Featherstone, A. B., Arnald, J.T.M.M., Brown, A.,& Dass, S. C. (2024) studied how viruses can cling to surfaces which is an adaptation to help infect hosts such as humans at a later time. Viruses can remain on surfaces like stainless steel, PVC, and ceramics for up to five days. Featherstone and colleagues studied this situation in meat packaging plants, to explain how COVID-19 might have changed to different variants by 2020 that better survive on surfaces. Many meat packaging plant workers worked at the plant without knowing that other variants of COVID-19 mutated to live longer on surfaces—which helps explain how the virus continues to spread through an epidemic. The virus had many ways to be transported, like the viruses passing through the HVAC, standing close to other workers, sharing equipment, and sharing living space. The media described how COVID disease was easily spread through droplets (such as in a sneeze), because viruses clinged to the droplets allowing movement between host individuals. It was hard to understand the speed and amount of time the virus stayed alive outside of hosts and traveled between hosts. The virus lived long enough on stainless steel, PVC, and ceramic surfaces for up to 5 days to help its spread. The workers at the plant had to take extra precautions at work once this information became known. Featherstone, A. B., Arnald, J.T.M.M., Brown, A.,& Dass, S. C. (2024)

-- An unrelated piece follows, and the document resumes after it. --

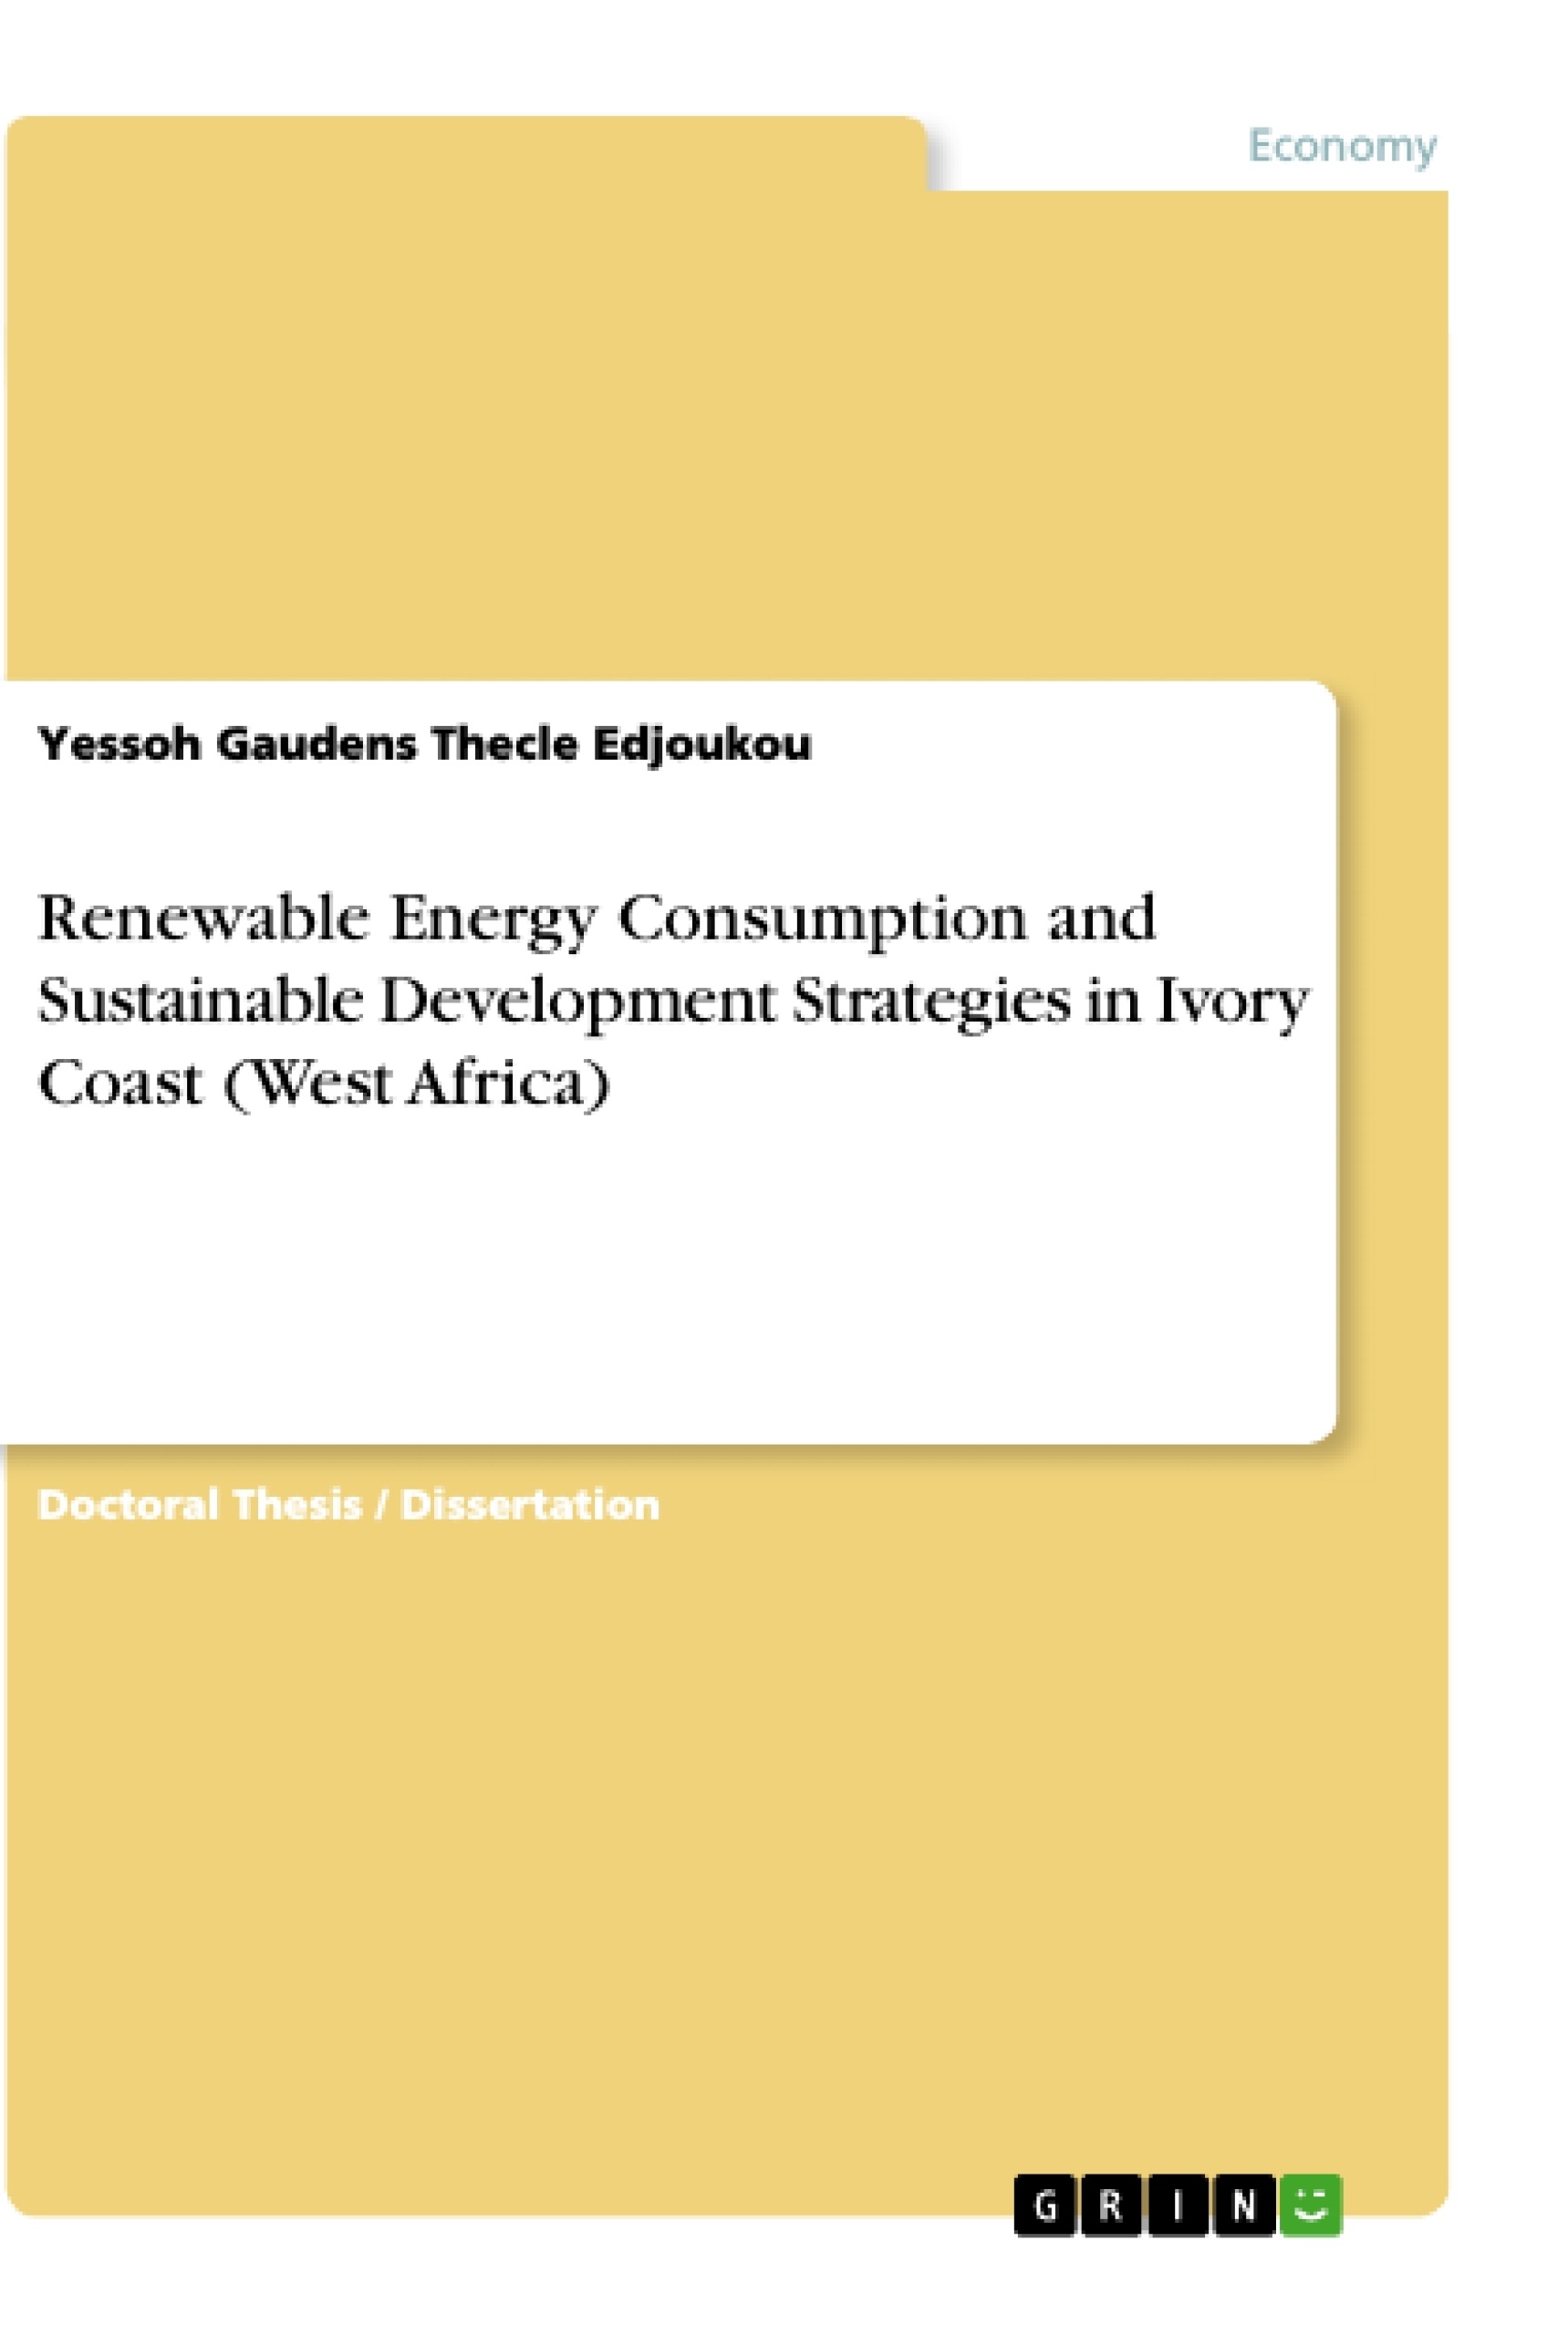 Title: Renewable Energy Consumption and Sustainable Development Strategies in Ivory Coast (West Africa)

The Navajo elders and ancestors had a saying for our generation: “Everything is alive; respect nature, acknowledge nature, and all will come back to balance.” The readings and study of evolutionary medicine, such as the book we read by Norman A. Johnson, emphasize that it is useful to understand this balance and to respecting what nature has given. The book describes the problem of widespread antibiotic resistance in bacteria, and how their naturally evolved enemies, phages (bacteria-specific viruses), can be used to combat these infections. This is evolutionary medicine at its finest, working to find a solution to combat the rise of antibiotic resistant bacteria by understanding molecule-level interactions between these microbes. Chan, B.D., M. Sistrom, J.E. Wertz, K.E. Kortright, D. Narayan, and P.E. Turner, 2016. Phage selection restores antibiotic sensitivity in MDR Pseudomonas aeruginosa. Nature Scientific Reports 6:26717 was a study described in Johnson’s book, where scientists used specific phages that attacked antibiotic-resistant bacteria and selected for the bacteria to evolve phage-resistance, making the bacteria less capable of causing disease or switching back to being sensitive to antibiotics. By focusing on evolution in response to the phage, natural selection causes the population of cells to become re-sensitized to antibiotics and, in turn, makes antibiotics work again as we intended.